The purpose of the Audit Committee of the Board of Directors (the “Board”) of Cerulean Pharma Inc. (the “Company”) is to assist the Board’s oversight of the Company’s accounting and financial reporting processes and the audits of the Company’s financial statements.

  1. Number.  Except as otherwise permitted by the applicable NASDAQ rules, the Audit Committee shall consist of at least three members of the Board.
  2. Independence.  Except as otherwise permitted by the applicable NASDAQ rules, each member of the Audit Committee shall be an “independent director” as defined by NASDAQ Rule 5605(a)(2), meet the criteria for independence set forth in Rule 10A‑3(b)(1) under the Securities Exchange Act of 1934, as amended (the “Exchange Act”) (subject to the exemptions provided in Rule 10A‑3(c)), and not have participated in the preparation of the financial statements of the Company or any current subsidiary of the Company at any time during the past three years.
  3. Financial Literacy.  Each member of the Audit Committee must be able to read and understand fundamental financial statements, including the Company’s balance sheet, income statement, and cash flow statement, at the time of his or her appointment to the Audit Committee.  In addition, at least one member must have past employment experience in finance or accounting, requisite professional certification in accounting, or any other comparable experience or background which results in the individual’s financial sophistication, including being or having been a chief executive officer, chief financial officer or other senior officer with financial oversight responsibilities.  Unless otherwise determined by the Board (in which case disclosure of such determination shall be made in the Company’s annual report filed with the SEC), at least one member of the Audit Committee shall be an “audit committee financial expert” (as defined by applicable SEC rules).
  4. Chair.  Unless the Board elects a Chair of the Audit Committee, the Audit Committee shall elect a Chair by majority vote. 
  5. Compensation.  The compensation of Audit Committee members shall be as determined by the Board.  No member of the Audit Committee may receive, directly or indirectly, any consulting, advisory or other compensatory fee from the Company or any of its subsidiaries, other than fees paid in his or her capacity as a member of the Board or of a committee of the Board.
  6. Selection and Removal.  Members of the Audit Committee shall be appointed by the Board, upon the recommendation of the Nominating and Corporate Governance Committee.  The Board may remove members of the Audit Committee from such committee, with or without cause.

General

The Audit Committee shall discharge its responsibilities, and shall assess the information provided by the Company’s management and the Company’s registered public accounting firm (the “independent auditor”), in accordance with its business judgment.

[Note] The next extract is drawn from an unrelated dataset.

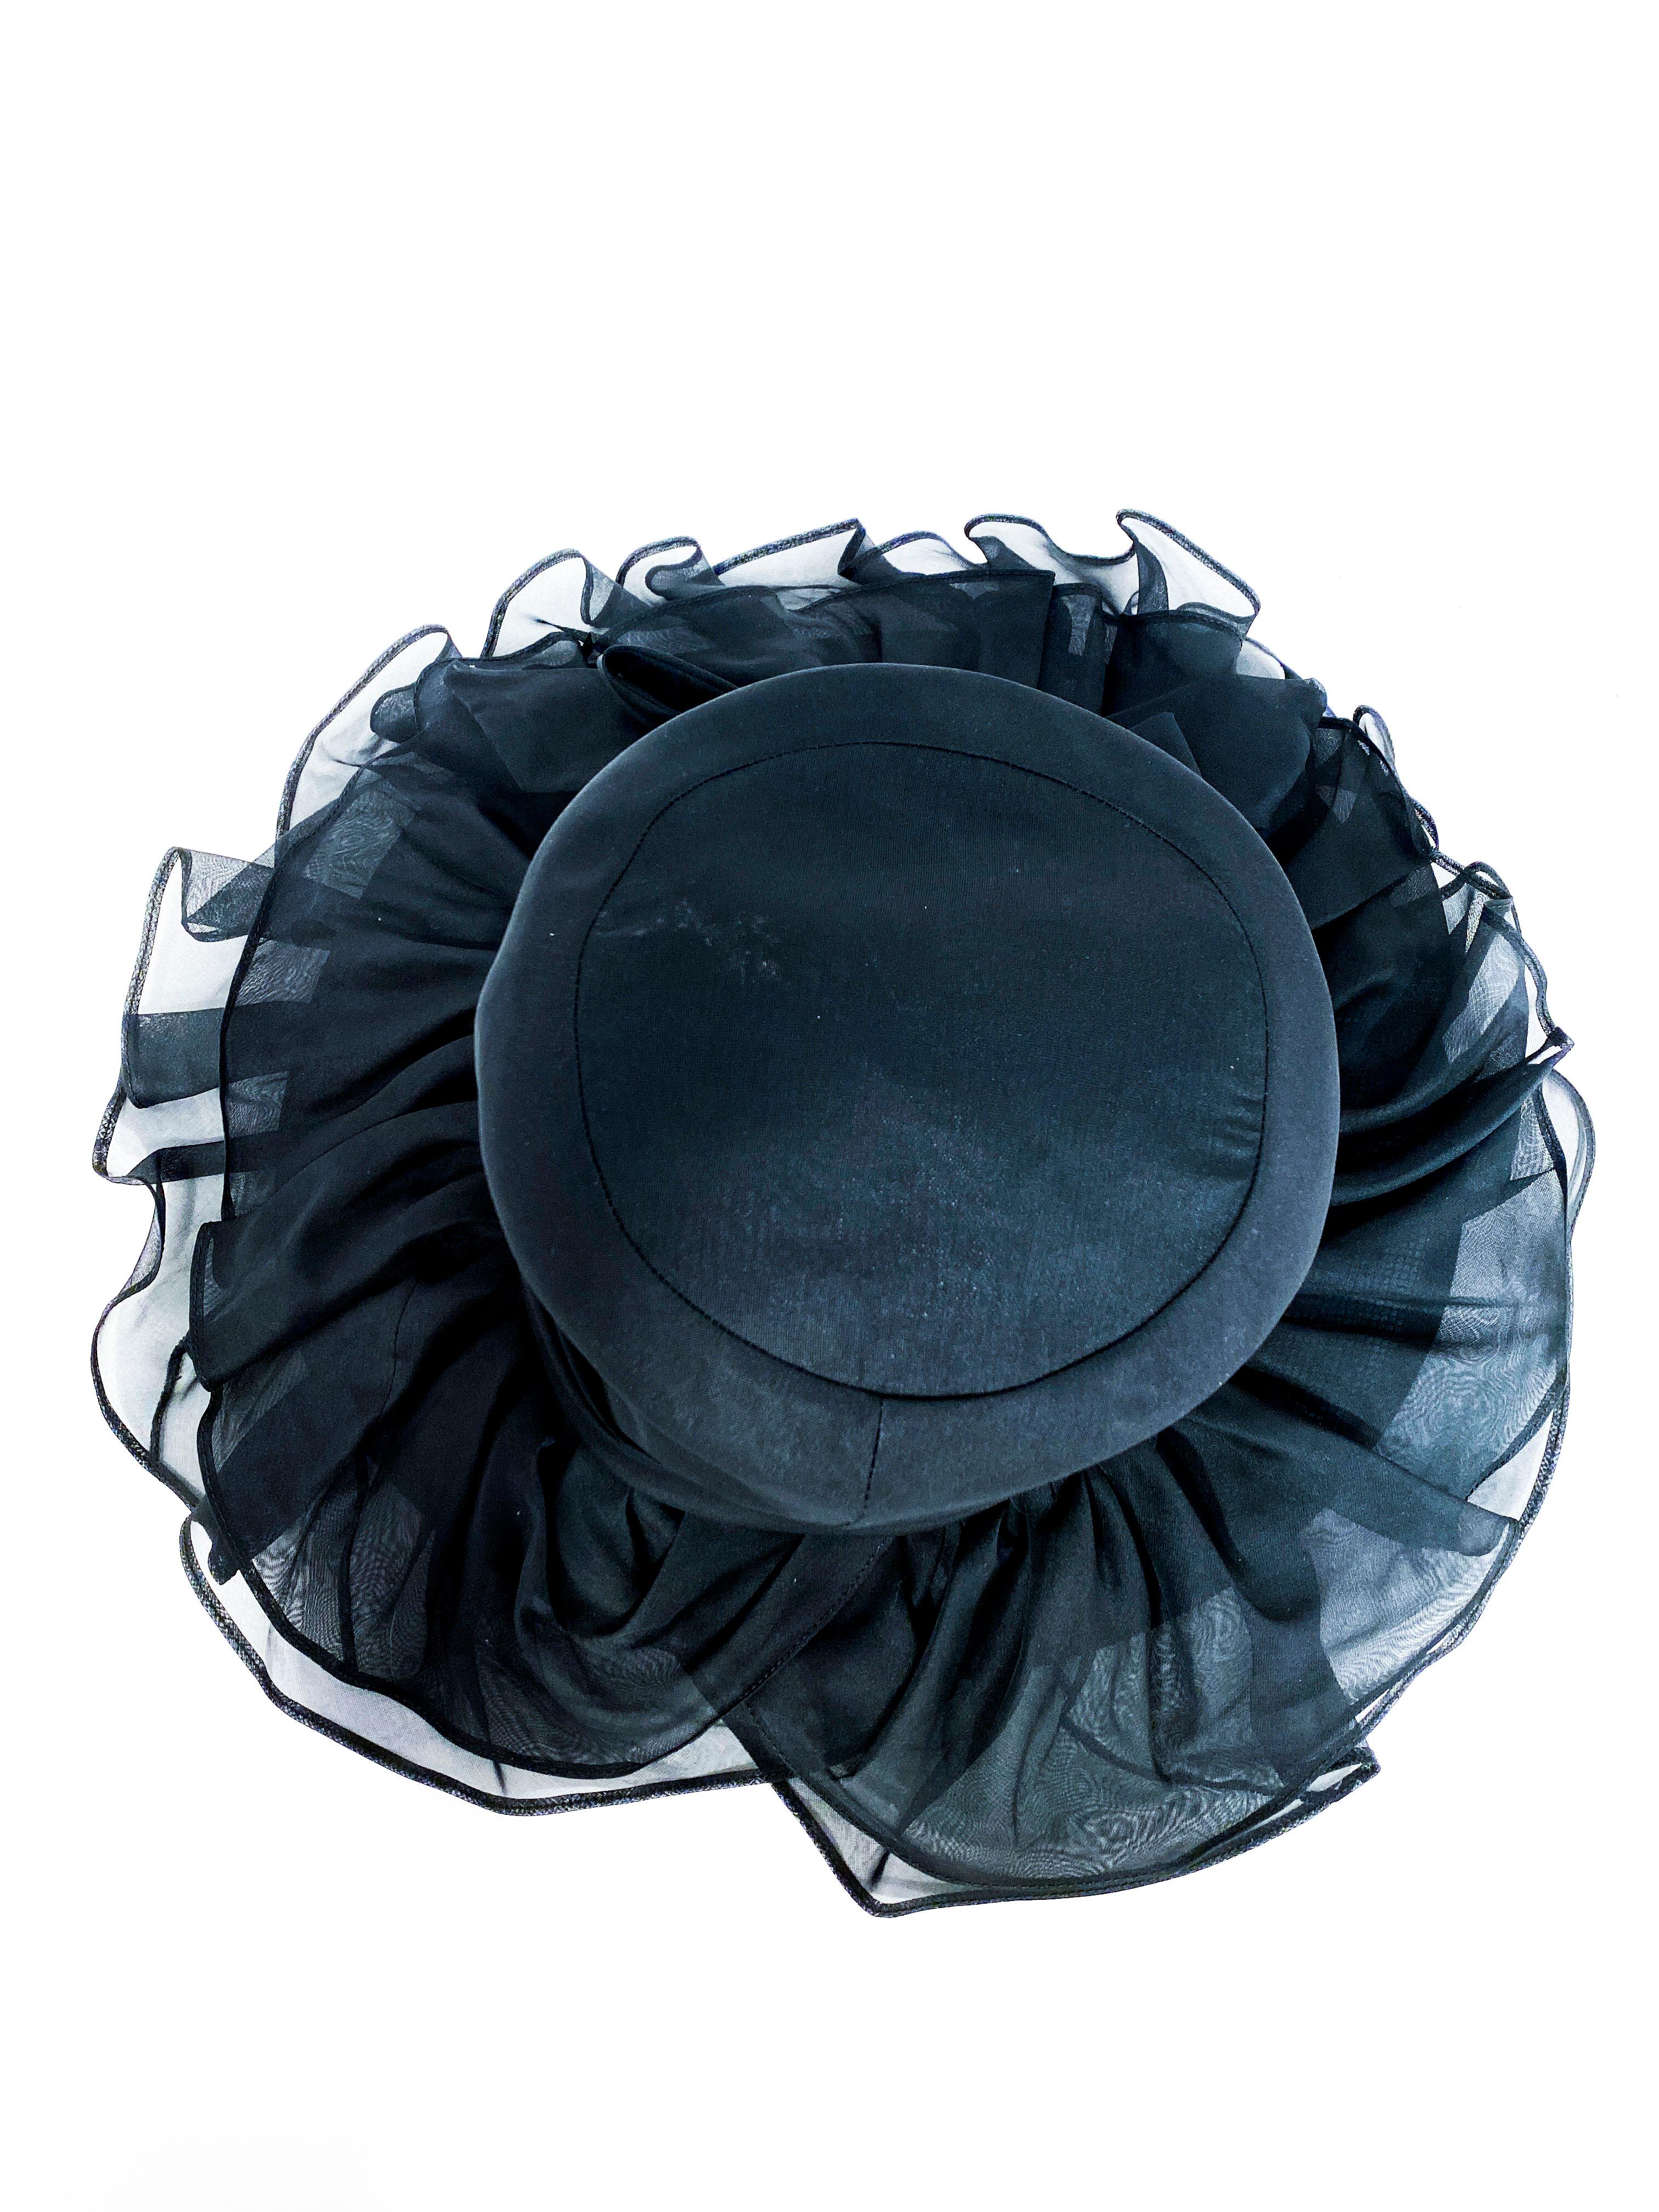 1960s/1970s Black Ruffled Wide Brimmed Hat 2

Management is responsible for the preparation, presentation, and integrity of the Company’s financial statements, for the appropriateness of the accounting principles and reporting policies that are used by the Company and for establishing and maintaining adequate internal control over financial reporting. The independent auditor is responsible for auditing the Company’s financial statements and, when required, the Company’s internal control over financial reporting and for reviewing the Company’s unaudited interim financial statements. The authority and responsibilities set forth in this Charter do not reflect or create any duty or obligation of the Audit Committee to plan or conduct any audit, to determine or certify that the Company’s financial statements are complete, accurate, fairly presented, or in accordance with generally accepted accounting principles or applicable law, or to guarantee the independent auditor’s reports.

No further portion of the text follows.